In this question, use data visualization techniques to explore the dataset further. Please write the Python code for each visualization and provide a brief explanation of your findings.

- **Bar Chart of Fruit Types**: Create a bar chart showing the count of each fruit type (fruit_label) in the dataset. What does this chart tell you about the frequency of different fruits in the dataset?

- **Pair Plot**: Create a pair plot to visualize the relationships between all numerical variables in the dataset. You may choose to use Seaborn, or any other suitable library for this task. What insights can you gather about the relationships between these variables?

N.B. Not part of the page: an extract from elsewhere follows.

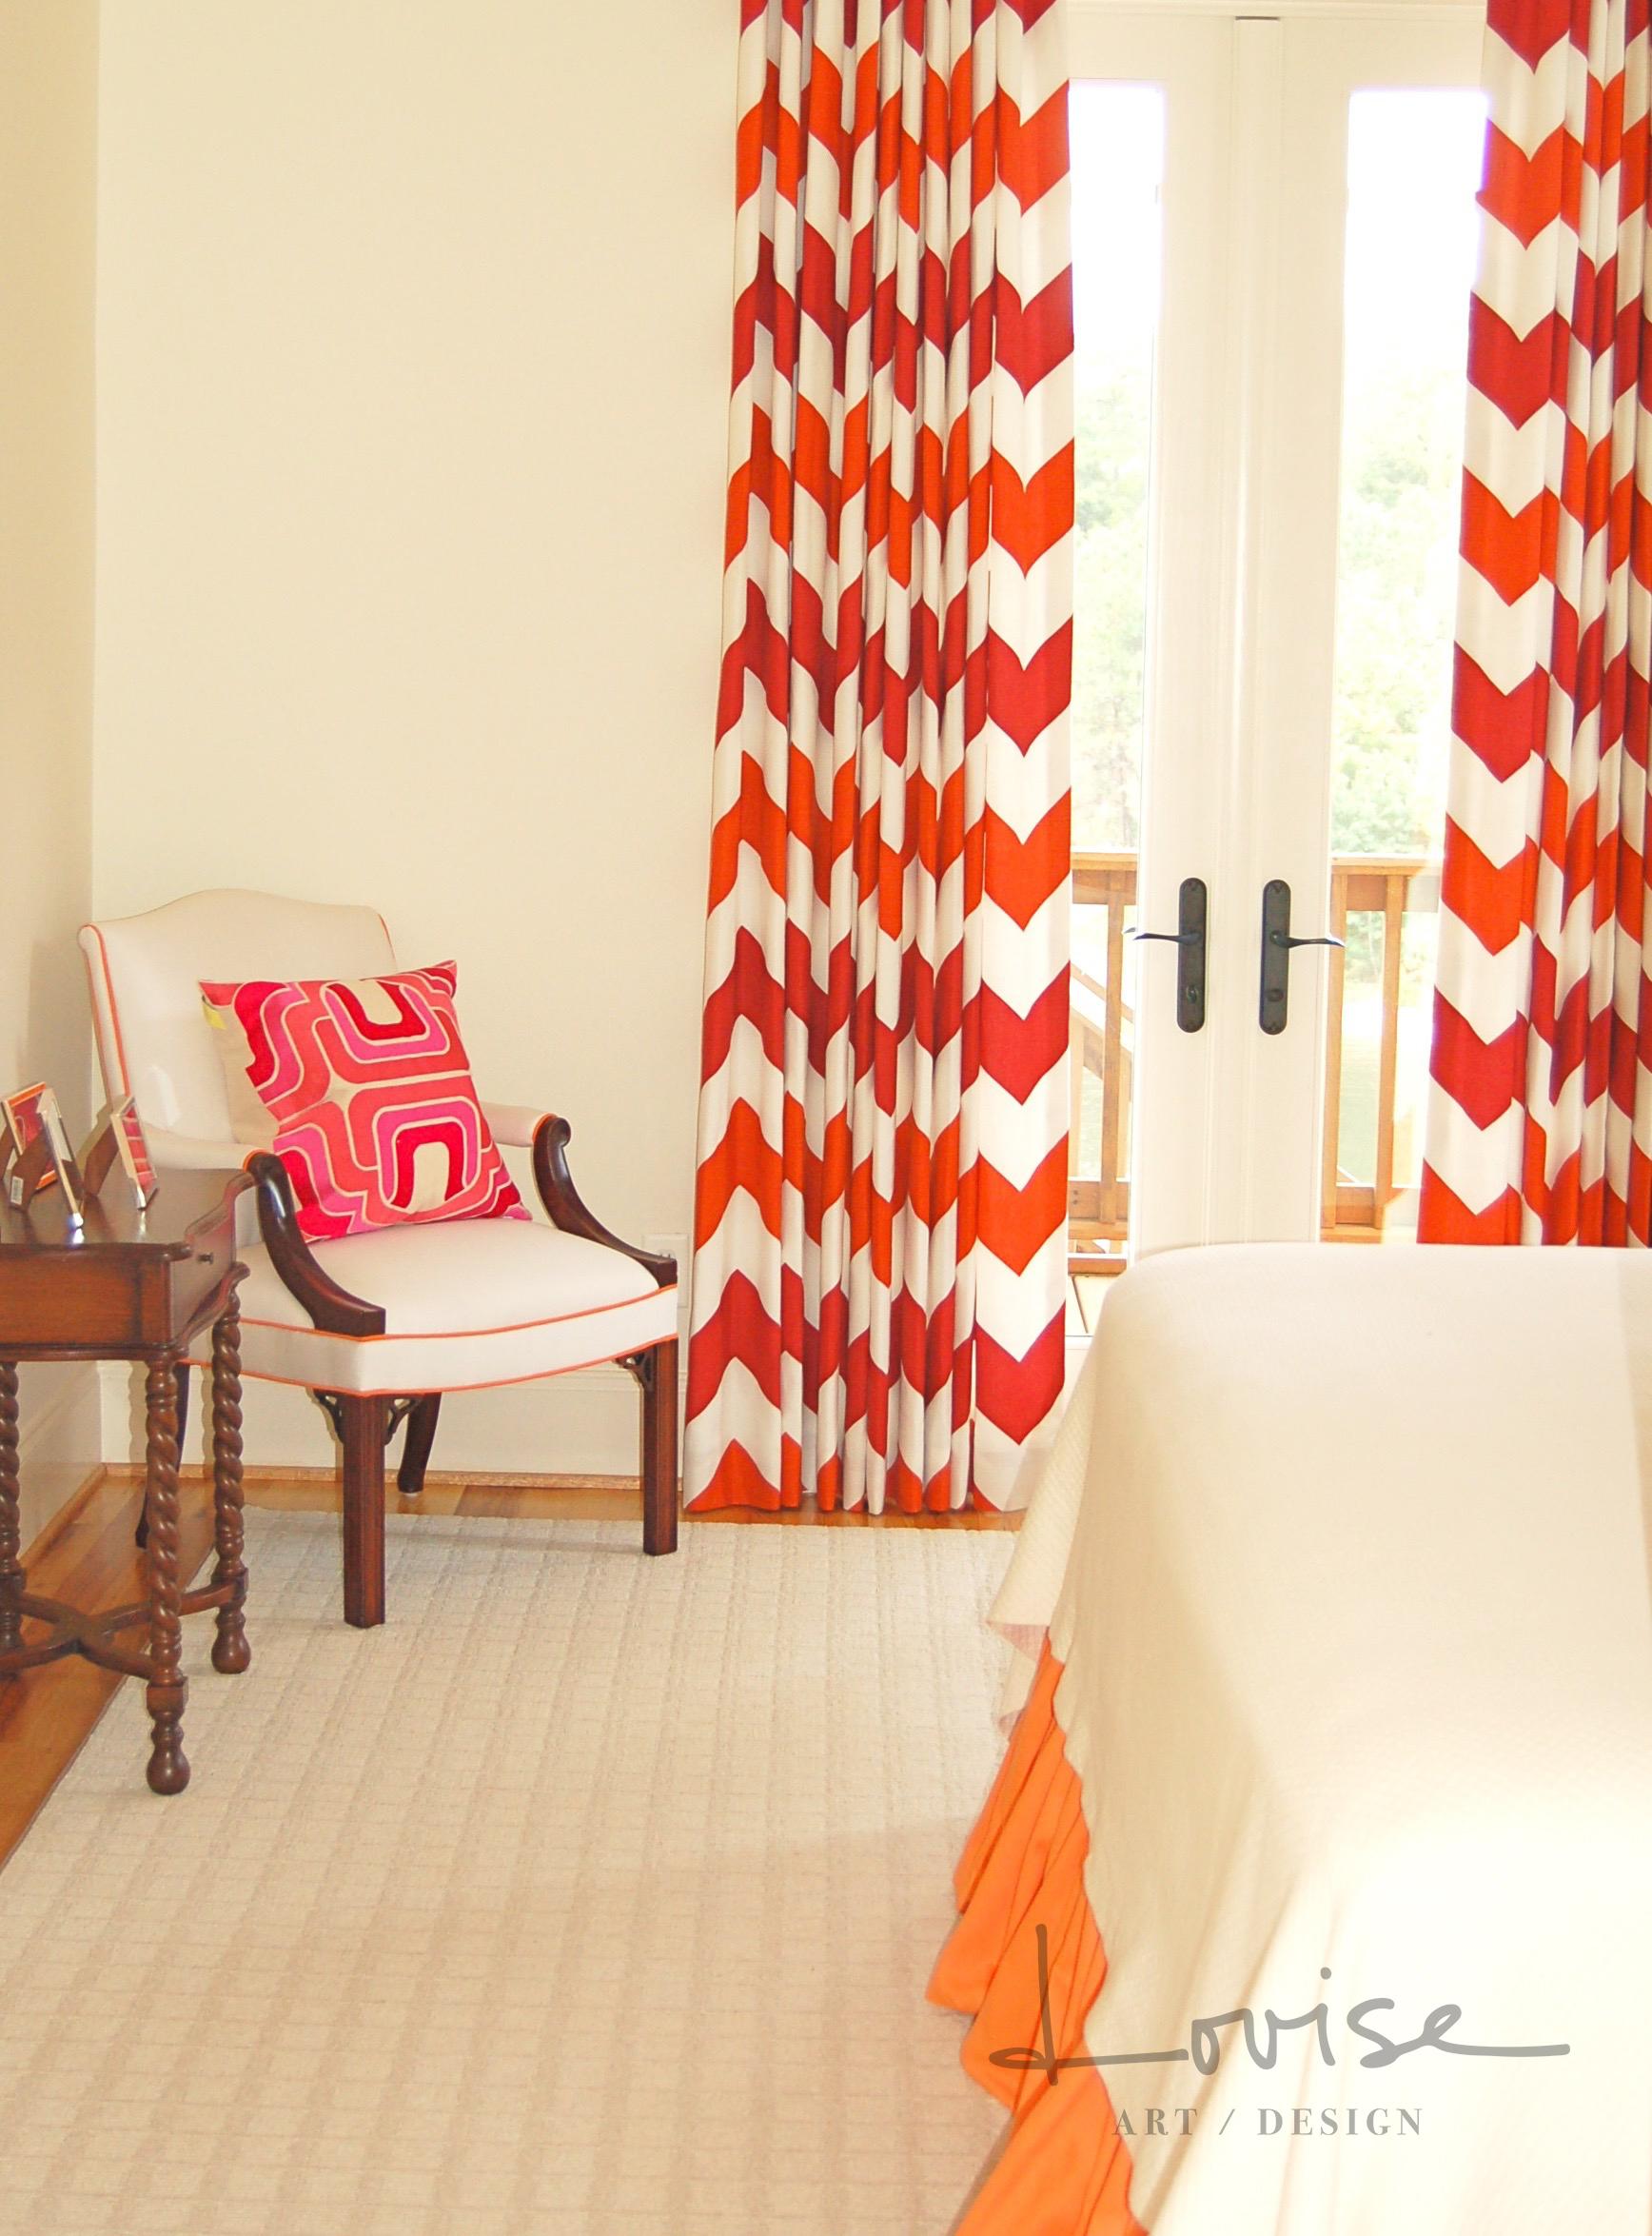 Lake bedroom with red and orange chevron draperies

### Question 4: Summary Statistics Analysis
Generate the descriptive statistics of the numerical variables in the dataset. 

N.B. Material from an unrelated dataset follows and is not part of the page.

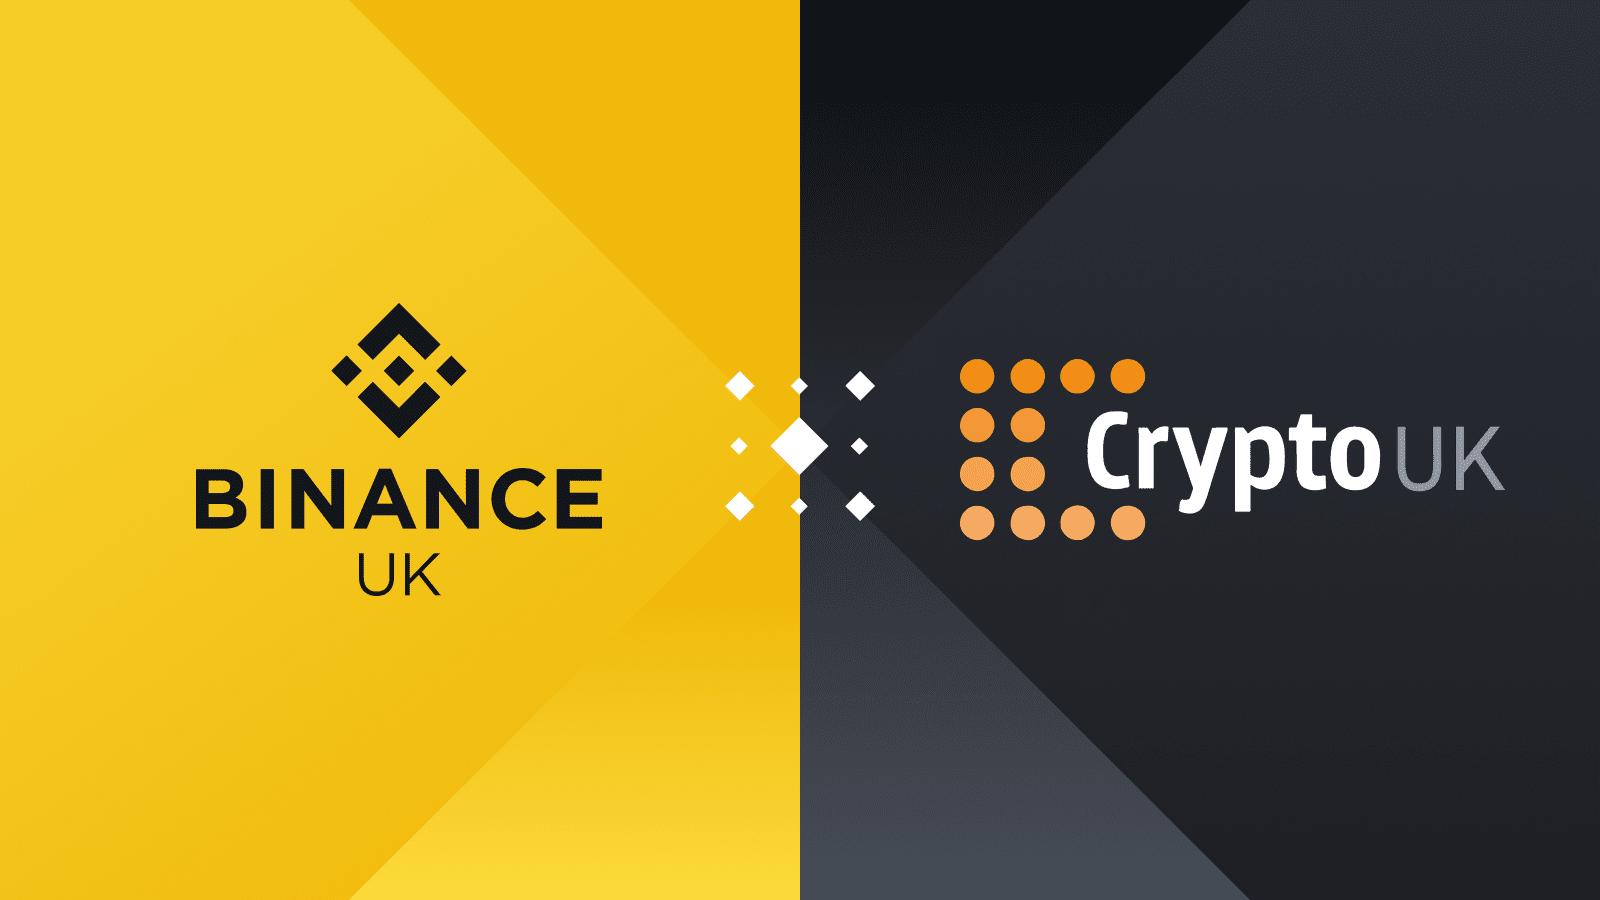 Binance.UK Joins Trade Association CryptoUK   Binance Blog

## Question 5: Building a KNN Model

### Step 1: Data Preparation

In [None]:
# Importing the function for splitting data into train and test sets
from sklearn.model_selection import train_test_split

# Selecting features and target variable
X = df[['mass', 'width', 'height', 'color_score']]
y = df['fruit_label']

# Splitting the data into training and test sets
X_train, X_test, y_train, y_test = train_test_split(X, y, test_size=0.25, random_state=0)


# Printing the shapes of the training and test sets for both features and target
print("Training set shape (features):", X_train.shape)
print("Training set shape (target):", y_train.shape)
print("Test set shape (features):", X_test.shape)
print("Test set shape (target):", y_test.shape)

#### Questions:

- What does X represent in this context?
- What does y represent? 
- Explain why we need to split the data into training and test sets.
- What are the roles of `test_size=0.25` and `random_state=0` in this context?
- What do the shapes of `X_train` and `y_train` indicate about the training dataset?
- What do the shapes of `X_test` and `y_test` tell you about the test dataset?

### Step 2: Creating and Training the KNN Model

In [None]:
from sklearn.neighbors import KNeighborsClassifier

# Creating an instance of KNN classifier
knn = KNeighborsClassifier(n_neighbors=1)

# Training the model
knn.fit(X_train, y_train)

#### Questions:

- Is the problem we are addressing with our KNN model a classification or a regression problem? Explain the basis for your determination.
- Describe how the KNN (K-Nearest Neighbors) classifier works. For example: how does the KNN algorithm determine the class of a new data point?

### Step 3: Model Evaluation

In [None]:
# Evaluating the model
accuracy = knn.score(X_test, y_test)
print("Model accuracy on the test set:", accuracy)

#### Questions:

- Explain the significance of this evaluation step.
- How would you interpret the accuracy score obtained?

### Question 6: Making Predictions with the KNN Model

Now that we have built our KNN model, let's see how it performs on new data. Consider the following two examples:

- Example 1: A small fruit with mass 18g, width 3.3 cm, height 4.5 cm, and a color score of 0.59.
- Example 2: A larger, elongated fruit with mass 110g, width 7.8 cm, height 9.3 cm, and a color score of 0.71.

Use the code below to predict the type of fruit for each example using our trained KNN model, and observe the results:

In [None]:
# Prediction for the first example
first_example = [18, 3.3, 4.5, 0.59]
first_prediction = knn.predict([first_example])

# Prediction for the second example
second_example = [110, 7.8, 9.3, 0.71]
second_prediction = knn.predict([second_example])

print("Prediction for the first example:", first_prediction)
print("Prediction for the second example:", second_prediction)

#### Question:

- What are the model's predictions for the first and second examples?